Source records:
--------------------------------------------------
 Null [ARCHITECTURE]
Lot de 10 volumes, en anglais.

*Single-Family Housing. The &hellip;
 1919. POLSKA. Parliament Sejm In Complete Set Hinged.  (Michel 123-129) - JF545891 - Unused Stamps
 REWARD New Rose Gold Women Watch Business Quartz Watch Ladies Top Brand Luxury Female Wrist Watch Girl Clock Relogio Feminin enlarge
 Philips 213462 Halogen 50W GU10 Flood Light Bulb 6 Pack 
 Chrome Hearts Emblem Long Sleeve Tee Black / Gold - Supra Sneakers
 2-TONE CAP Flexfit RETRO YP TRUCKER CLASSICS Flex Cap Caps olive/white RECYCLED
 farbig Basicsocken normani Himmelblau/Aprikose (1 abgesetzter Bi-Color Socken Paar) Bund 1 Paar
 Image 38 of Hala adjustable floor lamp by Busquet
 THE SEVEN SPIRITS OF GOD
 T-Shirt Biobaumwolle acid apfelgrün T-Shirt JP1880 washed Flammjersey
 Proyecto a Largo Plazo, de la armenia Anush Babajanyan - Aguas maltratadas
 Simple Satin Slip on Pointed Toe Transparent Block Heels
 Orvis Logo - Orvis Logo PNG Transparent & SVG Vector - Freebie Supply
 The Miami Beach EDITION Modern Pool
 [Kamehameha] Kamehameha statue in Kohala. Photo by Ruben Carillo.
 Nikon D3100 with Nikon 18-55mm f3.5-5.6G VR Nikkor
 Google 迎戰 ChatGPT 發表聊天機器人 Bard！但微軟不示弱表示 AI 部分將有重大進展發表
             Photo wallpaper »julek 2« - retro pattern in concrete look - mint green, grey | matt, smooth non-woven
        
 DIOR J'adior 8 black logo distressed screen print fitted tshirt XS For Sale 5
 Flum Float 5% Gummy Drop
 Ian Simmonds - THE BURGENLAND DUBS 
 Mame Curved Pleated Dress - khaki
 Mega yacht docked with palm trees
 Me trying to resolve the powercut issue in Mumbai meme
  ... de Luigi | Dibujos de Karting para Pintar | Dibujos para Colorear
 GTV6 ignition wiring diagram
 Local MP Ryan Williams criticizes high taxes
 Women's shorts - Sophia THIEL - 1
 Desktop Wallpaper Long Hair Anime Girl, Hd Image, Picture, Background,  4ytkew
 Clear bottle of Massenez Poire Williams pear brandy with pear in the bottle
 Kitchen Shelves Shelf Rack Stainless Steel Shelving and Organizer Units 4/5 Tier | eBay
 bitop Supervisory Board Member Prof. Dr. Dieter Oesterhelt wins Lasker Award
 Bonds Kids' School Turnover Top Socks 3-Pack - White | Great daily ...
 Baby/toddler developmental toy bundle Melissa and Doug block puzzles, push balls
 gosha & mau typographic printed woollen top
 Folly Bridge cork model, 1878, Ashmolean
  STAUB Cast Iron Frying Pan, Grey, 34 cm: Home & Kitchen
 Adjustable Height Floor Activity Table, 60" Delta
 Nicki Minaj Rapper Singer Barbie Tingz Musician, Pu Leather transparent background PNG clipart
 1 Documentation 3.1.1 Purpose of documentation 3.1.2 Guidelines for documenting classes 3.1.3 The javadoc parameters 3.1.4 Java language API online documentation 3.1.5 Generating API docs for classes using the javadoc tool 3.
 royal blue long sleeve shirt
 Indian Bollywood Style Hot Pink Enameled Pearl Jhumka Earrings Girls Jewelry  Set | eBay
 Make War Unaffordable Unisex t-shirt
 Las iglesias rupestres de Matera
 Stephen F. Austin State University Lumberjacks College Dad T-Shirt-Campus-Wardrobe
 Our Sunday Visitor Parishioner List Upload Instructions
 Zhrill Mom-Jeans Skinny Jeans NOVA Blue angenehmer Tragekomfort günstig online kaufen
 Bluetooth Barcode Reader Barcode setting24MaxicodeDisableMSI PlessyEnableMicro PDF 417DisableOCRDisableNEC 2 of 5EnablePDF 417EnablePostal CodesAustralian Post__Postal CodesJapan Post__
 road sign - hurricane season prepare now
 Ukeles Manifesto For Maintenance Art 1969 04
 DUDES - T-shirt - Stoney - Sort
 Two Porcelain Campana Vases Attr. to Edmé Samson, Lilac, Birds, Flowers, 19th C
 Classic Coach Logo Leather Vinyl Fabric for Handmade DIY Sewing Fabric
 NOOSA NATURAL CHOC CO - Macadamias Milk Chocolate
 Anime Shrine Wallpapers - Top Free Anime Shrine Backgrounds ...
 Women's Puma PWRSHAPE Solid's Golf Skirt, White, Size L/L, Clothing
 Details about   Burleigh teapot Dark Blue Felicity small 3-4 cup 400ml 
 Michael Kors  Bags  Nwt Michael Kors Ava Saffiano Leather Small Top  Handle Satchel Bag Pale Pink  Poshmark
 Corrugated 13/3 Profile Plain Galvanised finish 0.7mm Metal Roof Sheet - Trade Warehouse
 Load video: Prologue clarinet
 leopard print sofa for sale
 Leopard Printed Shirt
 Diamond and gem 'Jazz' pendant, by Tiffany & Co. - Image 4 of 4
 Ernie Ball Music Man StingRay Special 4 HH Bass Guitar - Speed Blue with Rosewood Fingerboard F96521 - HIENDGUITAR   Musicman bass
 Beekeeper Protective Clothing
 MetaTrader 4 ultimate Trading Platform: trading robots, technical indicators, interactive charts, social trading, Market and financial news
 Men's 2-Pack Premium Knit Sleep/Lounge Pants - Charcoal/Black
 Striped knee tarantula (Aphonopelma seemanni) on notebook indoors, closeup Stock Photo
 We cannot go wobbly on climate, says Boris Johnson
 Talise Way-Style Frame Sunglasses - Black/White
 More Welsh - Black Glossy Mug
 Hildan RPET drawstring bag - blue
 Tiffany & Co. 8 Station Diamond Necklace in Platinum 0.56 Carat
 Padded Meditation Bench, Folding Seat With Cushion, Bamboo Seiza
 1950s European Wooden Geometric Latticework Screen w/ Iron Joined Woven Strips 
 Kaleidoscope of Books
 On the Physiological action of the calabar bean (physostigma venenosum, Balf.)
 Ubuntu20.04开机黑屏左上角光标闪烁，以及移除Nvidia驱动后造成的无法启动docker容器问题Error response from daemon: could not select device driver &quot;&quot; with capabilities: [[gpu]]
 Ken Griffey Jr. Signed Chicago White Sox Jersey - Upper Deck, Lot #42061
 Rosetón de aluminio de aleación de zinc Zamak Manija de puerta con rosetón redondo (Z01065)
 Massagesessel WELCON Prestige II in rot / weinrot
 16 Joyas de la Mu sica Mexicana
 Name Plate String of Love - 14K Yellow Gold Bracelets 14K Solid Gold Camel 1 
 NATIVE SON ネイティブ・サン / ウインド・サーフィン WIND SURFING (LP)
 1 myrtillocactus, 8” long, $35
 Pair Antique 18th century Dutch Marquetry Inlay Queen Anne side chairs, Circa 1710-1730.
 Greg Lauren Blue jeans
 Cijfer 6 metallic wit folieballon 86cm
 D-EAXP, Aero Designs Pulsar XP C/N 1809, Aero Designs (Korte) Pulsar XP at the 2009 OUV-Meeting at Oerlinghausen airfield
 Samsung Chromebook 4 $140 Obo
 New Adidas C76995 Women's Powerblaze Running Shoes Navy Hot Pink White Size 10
--------------------------------------------------
Please write the data above out again, exactly the same.

**OUTPUT FOR THIS EXERCISE**
 Null [ARCHITECTURE]
Lot de 10 volumes, en anglais.

*Single-Family Housing. The &hellip;
 1919. POLSKA. Parliament Sejm In Complete Set Hinged.  (Michel 123-129) - JF545891 - Unused Stamps
 REWARD New Rose Gold Women Watch Business Quartz Watch Ladies Top Brand Luxury Female Wrist Watch Girl Clock Relogio Feminin enlarge
 Philips 213462 Halogen 50W GU10 Flood Light Bulb 6 Pack 
 Chrome Hearts Emblem Long Sleeve Tee Black / Gold - Supra Sneakers
 2-TONE CAP Flexfit RETRO YP TRUCKER CLASSICS Flex Cap Caps olive/white RECYCLED
 farbig Basicsocken normani Himmelblau/Aprikose (1 abgesetzter Bi-Color Socken Paar) Bund 1 Paar
 Image 38 of Hala adjustable floor lamp by Busquet
 THE SEVEN SPIRITS OF GOD
 T-Shirt Biobaumwolle acid apfelgrün T-Shirt JP1880 washed Flammjersey
 Proyecto a Largo Plazo, de la armenia Anush Babajanyan - Aguas maltratadas
 Simple Satin Slip on Pointed Toe Transparent Block Heels
 Orvis Logo - Orvis Logo PNG Transparent & SVG Vector - Freebie Supply
 The Miami Beach EDITION Modern Pool
 [Kamehameha] Kamehameha statue in Kohala. Photo by Ruben Carillo.
 Nikon D3100 with Nikon 18-55mm f3.5-5.6G VR Nikkor
 Google 迎戰 ChatGPT 發表聊天機器人 Bard！但微軟不示弱表示 AI 部分將有重大進展發表
             Photo wallpaper »julek 2« - retro pattern in concrete look - mint green, grey | matt, smooth non-woven
        
 DIOR J'adior 8 black logo distressed screen print fitted tshirt XS For Sale 5
 Flum Float 5% Gummy Drop
 Ian Simmonds - THE BURGENLAND DUBS 
 Mame Curved Pleated Dress - khaki
 Mega yacht docked with palm trees
 Me trying to resolve the powercut issue in Mumbai meme
  ... de Luigi | Dibujos de Karting para Pintar | Dibujos para Colorear
 GTV6 ignition wiring diagram
 Local MP Ryan Williams criticizes high taxes
 Women's shorts - Sophia THIEL - 1
 Desktop Wallpaper Long Hair Anime Girl, Hd Image, Picture, Background,  4ytkew
 Clear bottle of Massenez Poire Williams pear brandy with pear in the bottle
 Kitchen Shelves Shelf Rack Stainless Steel Shelving and Organizer Units 4/5 Tier | eBay
 bitop Supervisory Board Member Prof. Dr. Dieter Oesterhelt wins Lasker Award
 Bonds Kids' School Turnover Top Socks 3-Pack - White | Great daily ...
 Baby/toddler developmental toy bundle Melissa and Doug block puzzles, push balls
 gosha & mau typographic printed woollen top
 Folly Bridge cork model, 1878, Ashmolean
  STAUB Cast Iron Frying Pan, Grey, 34 cm: Home & Kitchen
 Adjustable Height Floor Activity Table, 60" Delta
 Nicki Minaj Rapper Singer Barbie Tingz Musician, Pu Leather transparent background PNG clipart
 1 Documentation 3.1.1 Purpose of documentation 3.1.2 Guidelines for documenting classes 3.1.3 The javadoc parameters 3.1.4 Java language API online documentation 3.1.5 Generating API docs for classes using the javadoc tool 3.
 royal blue long sleeve shirt
 Indian Bollywood Style Hot Pink Enameled Pearl Jhumka Earrings Girls Jewelry  Set | eBay
 Make War Unaffordable Unisex t-shirt
 Las iglesias rupestres de Matera
 Stephen F. Austin State University Lumberjacks College Dad T-Shirt-Campus-Wardrobe
 Our Sunday Visitor Parishioner List Upload Instructions
 Zhrill Mom-Jeans Skinny Jeans NOVA Blue angenehmer Tragekomfort günstig online kaufen
 Bluetooth Barcode Reader Barcode setting24MaxicodeDisableMSI PlessyEnableMicro PDF 417DisableOCRDisableNEC 2 of 5EnablePDF 417EnablePostal CodesAustralian Post__Postal CodesJapan Post__
 road sign - hurricane season prepare now
 Ukeles Manifesto For Maintenance Art 1969 04
 DUDES - T-shirt - Stoney - Sort
 Two Porcelain Campana Vases Attr. to Edmé Samson, Lilac, Birds, Flowers, 19th C
 Classic Coach Logo Leather Vinyl Fabric for Handmade DIY Sewing Fabric
 NOOSA NATURAL CHOC CO - Macadamias Milk Chocolate
 Anime Shrine Wallpapers - Top Free Anime Shrine Backgrounds ...
 Women's Puma PWRSHAPE Solid's Golf Skirt, White, Size L/L, Clothing
 Details about   Burleigh teapot Dark Blue Felicity small 3-4 cup 400ml 
 Michael Kors  Bags  Nwt Michael Kors Ava Saffiano Leather Small Top  Handle Satchel Bag Pale Pink  Poshmark
 Corrugated 13/3 Profile Plain Galvanised finish 0.7mm Metal Roof Sheet - Trade Warehouse
 Load video: Prologue clarinet
 leopard print sofa for sale
 Leopard Printed Shirt
 Diamond and gem 'Jazz' pendant, by Tiffany & Co. - Image 4 of 4
 Ernie Ball Music Man StingRay Special 4 HH Bass Guitar - Speed Blue with Rosewood Fingerboard F96521 - HIENDGUITAR   Musicman bass
 Beekeeper Protective Clothing
 MetaTrader 4 ultimate Trading Platform: trading robots, technical indicators, interactive charts, social trading, Market and financial news
 Men's 2-Pack Premium Knit Sleep/Lounge Pants - Charcoal/Black
 Striped knee tarantula (Aphonopelma seemanni) on notebook indoors, closeup Stock Photo
 We cannot go wobbly on climate, says Boris Johnson
 Talise Way-Style Frame Sunglasses - Black/White
 More Welsh - Black Glossy Mug
 Hildan RPET drawstring bag - blue
 Tiffany & Co. 8 Station Diamond Necklace in Platinum 0.56 Carat
 Padded Meditation Bench, Folding Seat With Cushion, Bamboo Seiza
 1950s European Wooden Geometric Latticework Screen w/ Iron Joined Woven Strips 
 Kaleidoscope of Books
 On the Physiological action of the calabar bean (physostigma venenosum, Balf.)
 Ubuntu20.04开机黑屏左上角光标闪烁，以及移除Nvidia驱动后造成的无法启动docker容器问题Error response from daemon: could not select device driver &quot;&quot; with capabilities: [[gpu]]
 Ken Griffey Jr. Signed Chicago White Sox Jersey - Upper Deck, Lot #42061
 Rosetón de aluminio de aleación de zinc Zamak Manija de puerta con rosetón redondo (Z01065)
 Massagesessel WELCON Prestige II in rot / weinrot
 16 Joyas de la Mu sica Mexicana
 Name Plate String of Love - 14K Yellow Gold Bracelets 14K Solid Gold Camel 1 
 NATIVE SON ネイティブ・サン / ウインド・サーフィン WIND SURFING (LP)
 1 myrtillocactus, 8” long, $35
 Pair Antique 18th century Dutch Marquetry Inlay Queen Anne side chairs, Circa 1710-1730.
 Greg Lauren Blue jeans
 Cijfer 6 metallic wit folieballon 86cm
 D-EAXP, Aero Designs Pulsar XP C/N 1809, Aero Designs (Korte) Pulsar XP at the 2009 OUV-Meeting at Oerlinghausen airfield
 Samsung Chromebook 4 $140 Obo
 New Adidas C76995 Women's Powerblaze Running Shoes Navy Hot Pink White Size 10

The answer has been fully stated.